CNF: Il requisito della condotta irreprensibile vale anche per gli avvocati stabiliti

Anche in materia di iscrizione degli avvocati stabiliti nella Sezione Speciale dell’Albo, per la quale il titolo è costituito esclusivamente dal certificato di iscrizione all’Albo del Paese di provenienza, deve comunque osservarsi il requisito di condotta irreprensibile (già specchiatissima ed illibata) di cui all’art. 17 L. n. 247/2012 (già art. 17 R.D.L. n. 1578/1933) necessario per l’iscrizione negli albi, elenchi e registri, in quanto presupposto a tutela della dignità e del decoro della classe forense (Nel caso di specie, al momento della domanda, il professionista aveva sottaciuto numerosi precedenti penali a suo carico, successivamente scoperti dal COA di appartenenza, che aveva revocato in autotutela l’iscrizione precedentemente deliberata.
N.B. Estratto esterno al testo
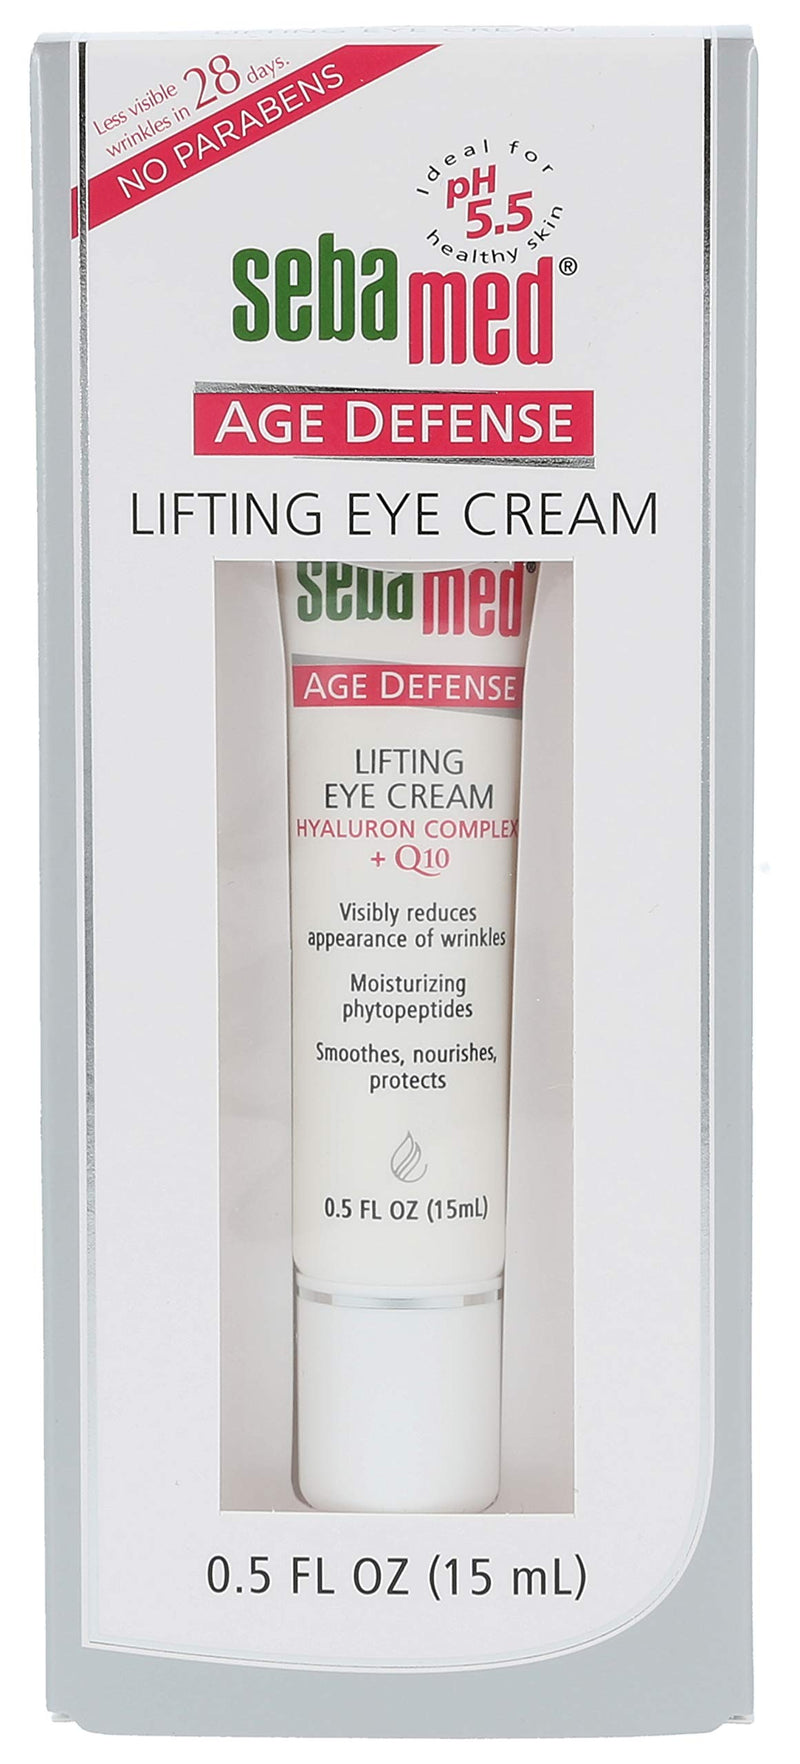 [Australia] - Sebamed Q10 Age Defense Eye Cream, 0.5 Fluid Ounce 1 Pack

Il professionista impugnava quindi al CNF tale ultima delibera, sostenendo che, una volta ottenuta l’iscrizione, la sua revoca potrebbe discendere solo dalla cancellazione dell’Ordine straniero di appartenenza, in thesi escludendosi quindi in capo al COA un qualsiasi potere di accertamento delle regole di condotta deontologica poste a base dell’esercizio della professione. In applicazione del principio di cui in massima, il CNF ha rigettato l’impugnazione).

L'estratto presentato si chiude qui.